Vesicular and carrier-mediated depolarization-induced release of [3H]GABA: inhibition by amiloride and verapamil.

Abstract

The Ca(2+)-dependent, presumably exocytotic fraction of the [3H]GABA released by depolarization is dissected from the depolarization-induced Na(+)-dependent, carrier-mediated fraction of [3H]GABA release in mouse brain synaptosomes. GABA homoexchange is prevented by the [3H]GABA carrier blocker, DABA. The absence of external Na+ completely abolishes the release of the carrier-mediated, presumably cytoplasmic release of [3H]GABA induced by homoexchange and heteroexchange with GABA and DABA, respectively. The carrier-mediated, Na(+)-dependent fraction of the depolarization-induced release of [3H]GABA is resistant to tetrodotoxin (TTX) but is sensitive to amiloride and verapamil.
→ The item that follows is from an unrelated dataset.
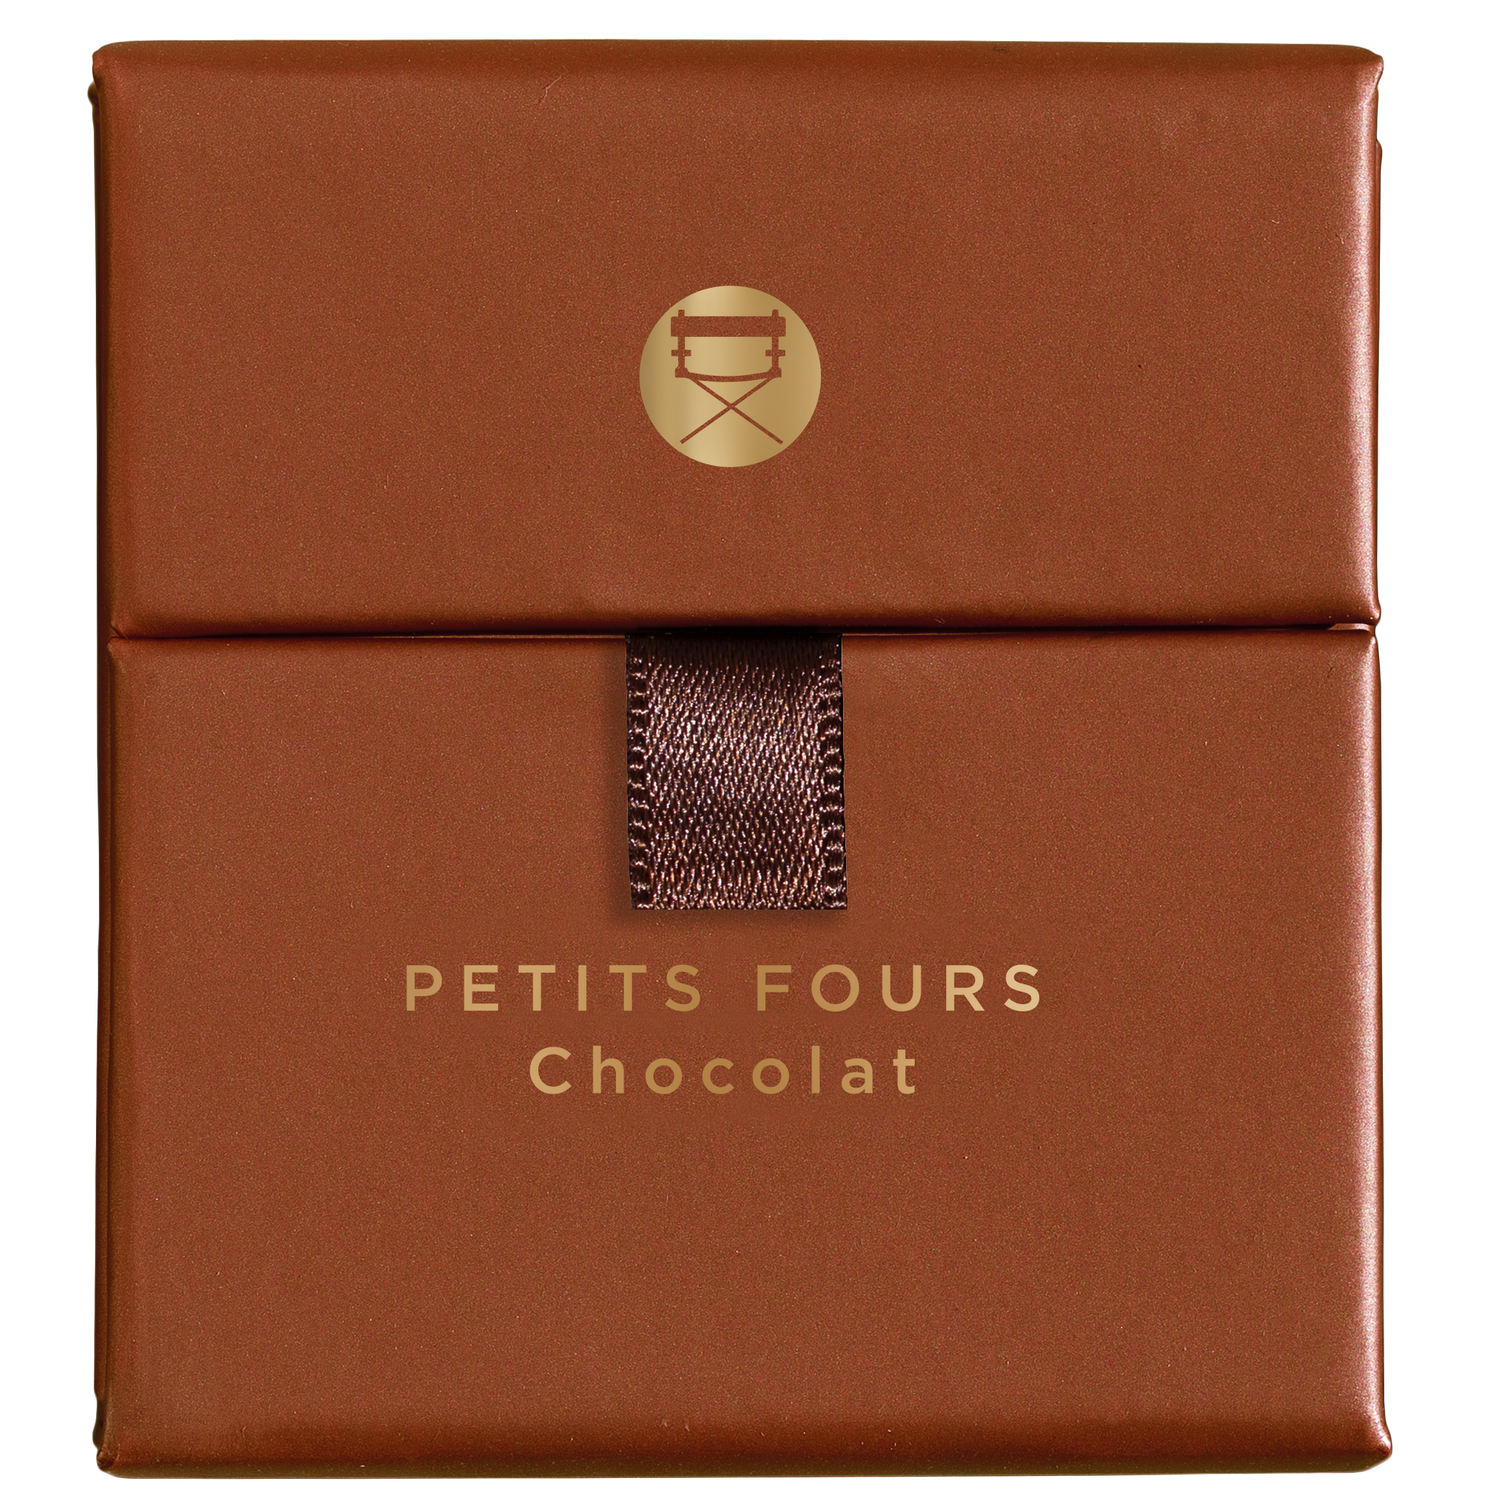 Viseart Paris Petits Fours Chocolat Eyeshadow Palette Case
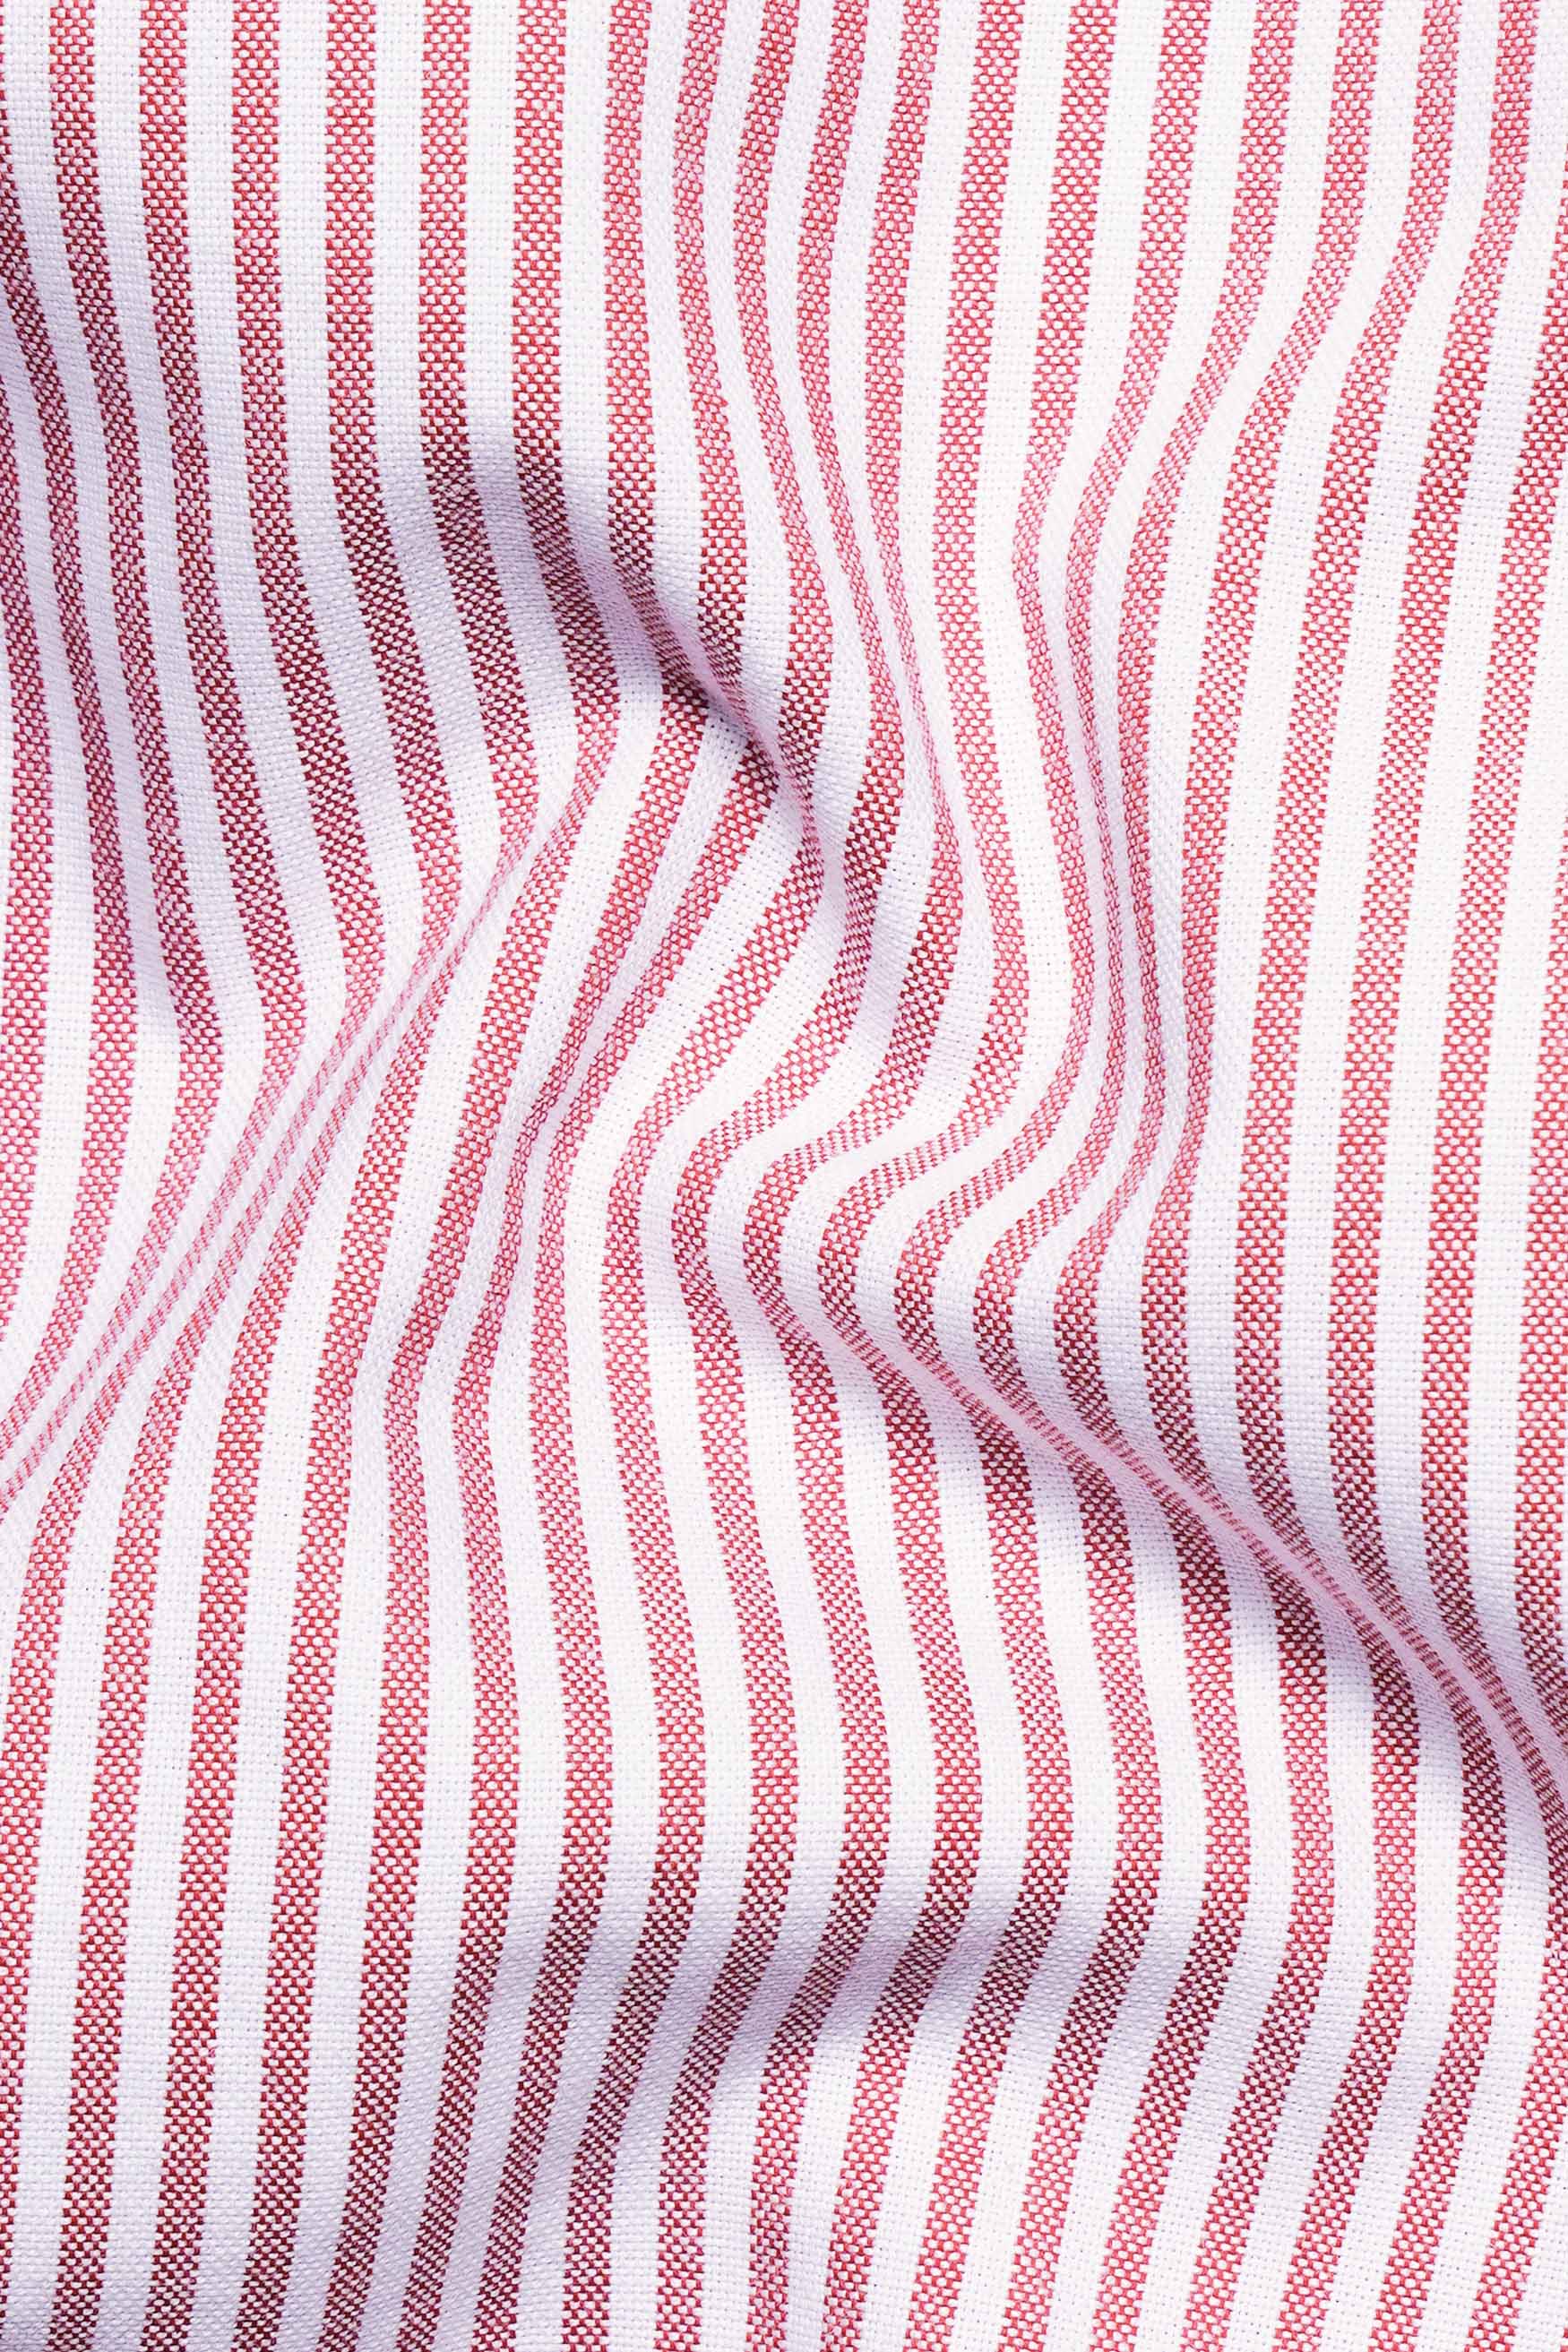 Bashful Pink and White Pin Striped Royal Oxford Shirt 11268-BD-38, 11268-BD-H-38, 11268-BD-39, 11268-BD-H-39, 11268-BD-40, 11268-BD-H-40, 11268-BD-42, 11268-BD-H-42, 11268-BD-44, 11268-BD-H-44, 11268-BD-46, 11268-BD-H-46, 11268-BD-48, 11268-BD-H-48, 11268-BD-50, 11268-BD-H-50, 11268-BD-52, 11268-BD-H-52

The Ca(2+)-dependent fraction of the [3H]GABA released by high K+ depolarization is also completely abolished by amiloride (from 300 microM) and sensitive to verapamil (30 microM), but in contrast is insensitive to the absence of external Na+ and to DABA. On the basis of these results we conclude that amiloride and verapamil inhibit high K(+)-induced release of [3H]GABA by antagonizing the entrance of Ca2+ (and possibly Na+ when external Ca2+ is absent) through a population of voltage sensitive presynaptic Ca2+ channels activated by depolarization.